Sometimes I like to mess with my husband and say things like “Honey, please hand me a waffle knife” and watch him panic.
My parents never allowed violent video games. Just family-friendly board games with questions like, “Who murdered this guy with a pipe?”
Son #1: How long have we owned this house?
Me: You mean how long have I owned this house.
S1: No, I mean we. We share it, right?
Me: [Mufasa voice] Look around you, son.
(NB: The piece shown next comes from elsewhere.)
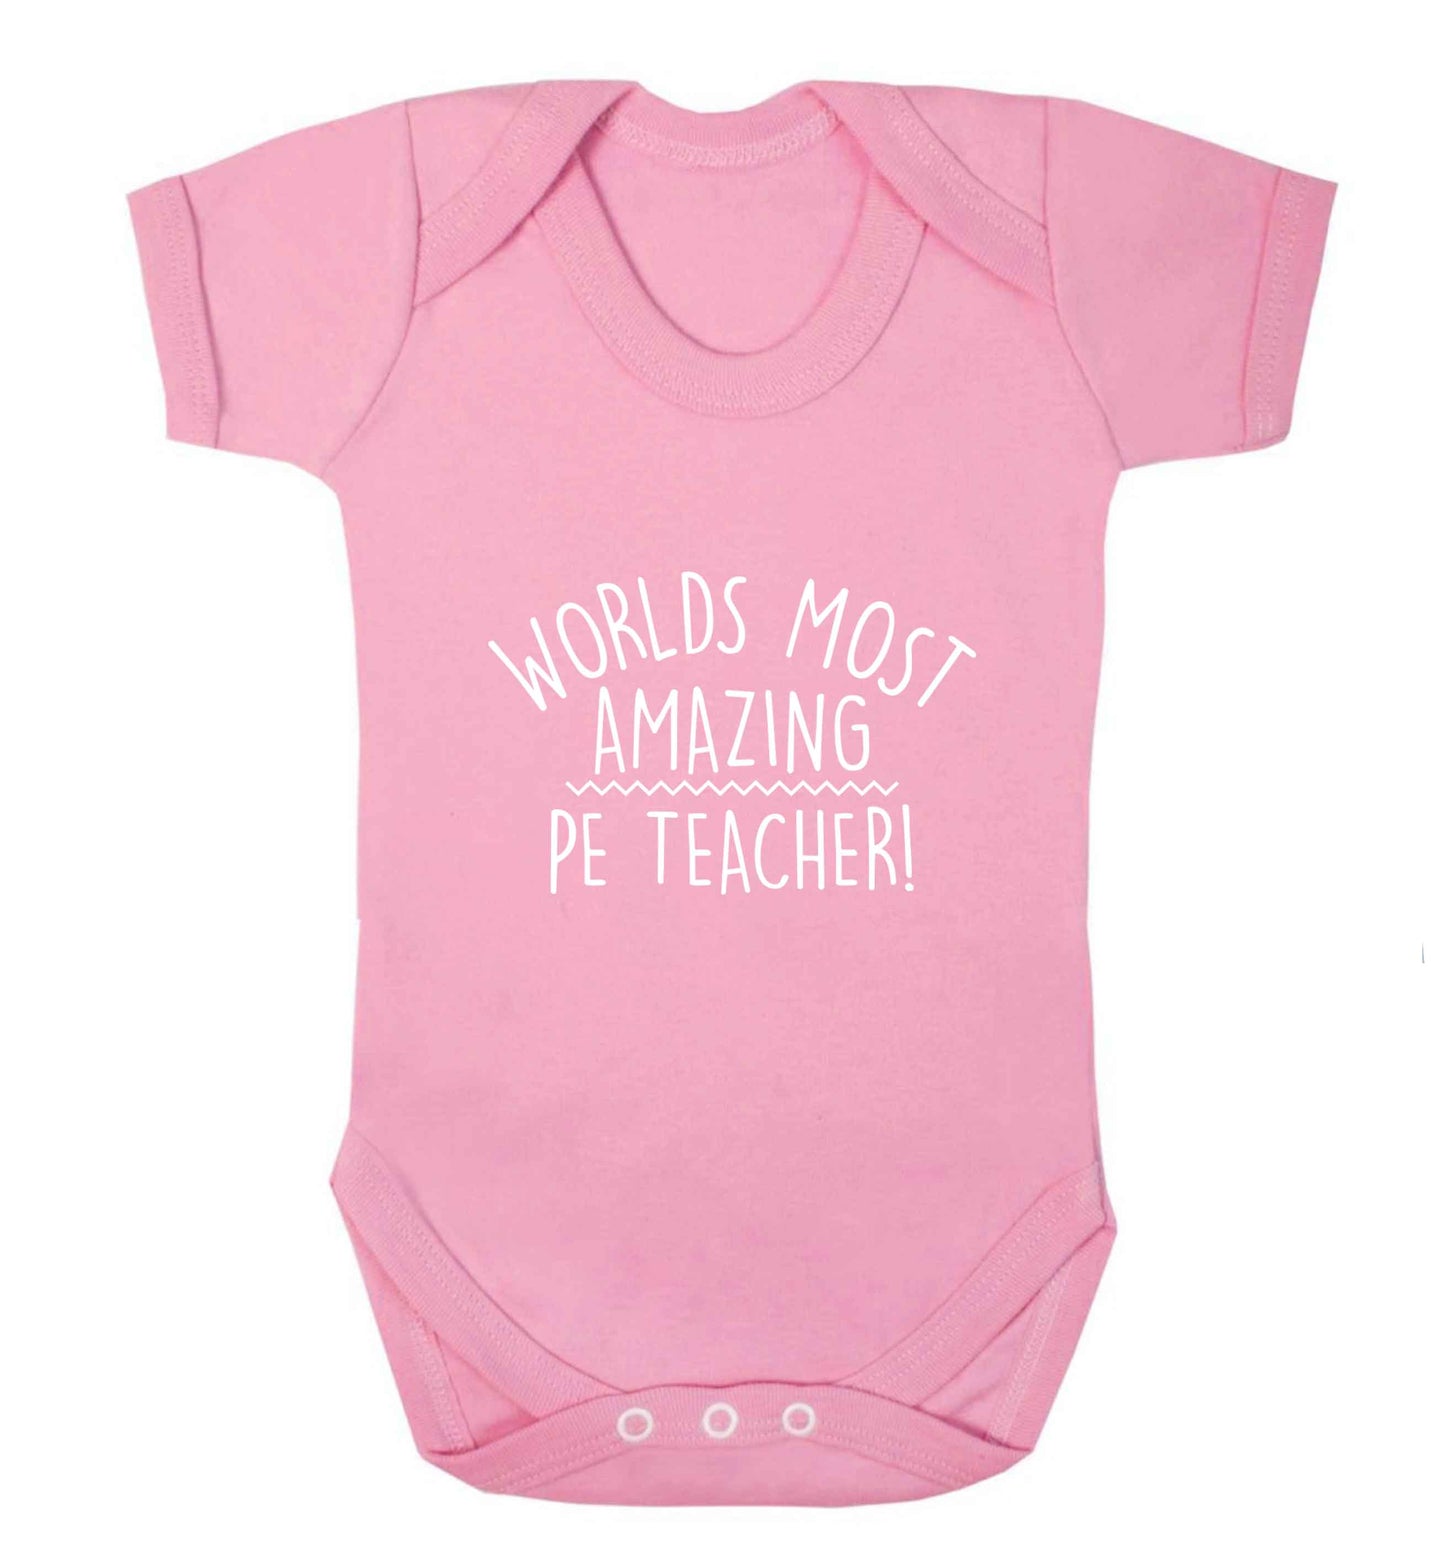 Worlds most amazing PE teacher baby vest pale pink 18-24 months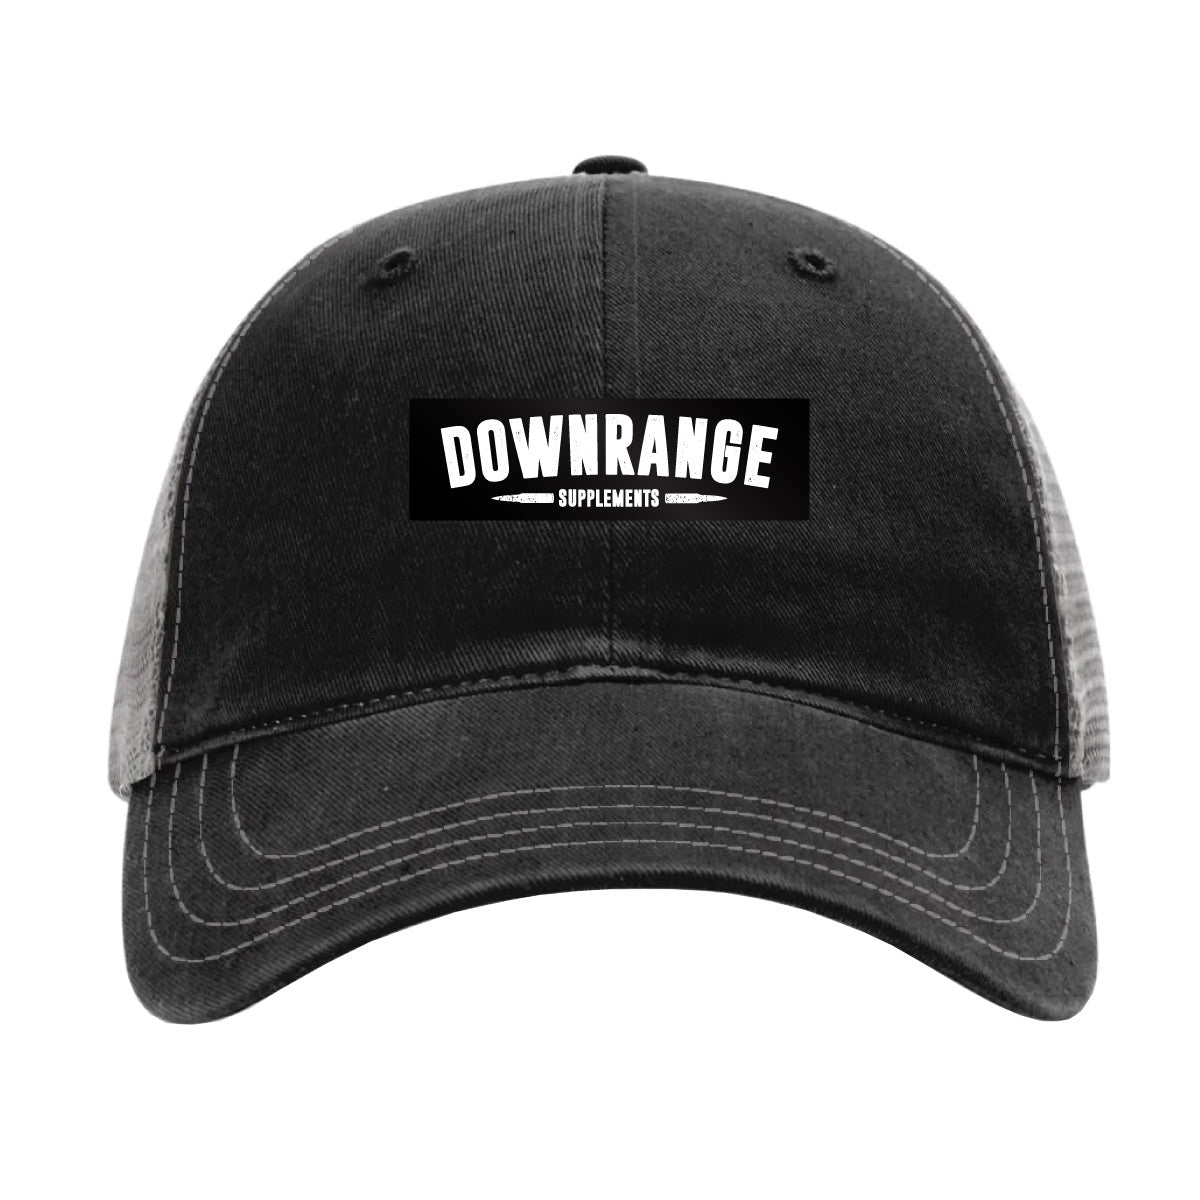 DOWNRANGE HAT - DownRange Supplements

Everything the light touches … belongs to me.
If it’s only polite to take your shoes off as a guest in someone’s home, stripping fully nude should be considered a truly honorable action.
I’m a highly motivated procrastinator.
[interrogation]
Cop: what were you doing last nite?
Me: I was killin my neighbour, Bert
Cop: louder for the tape please
Me [leaning in]: I was filling in paperwork. I’m a busy guy
Apparently my son “looks like daddy” when he’s wearing half of his food
I’ll take all that stuff you’re giving up for lent.
[in high school]
me: that’s the guy I like…
friend, speaking super loud: YOU MEAN BRIAN-
me:
My Twitter crush is 4,762-timing me!
Therapist: do u communicate with your kids?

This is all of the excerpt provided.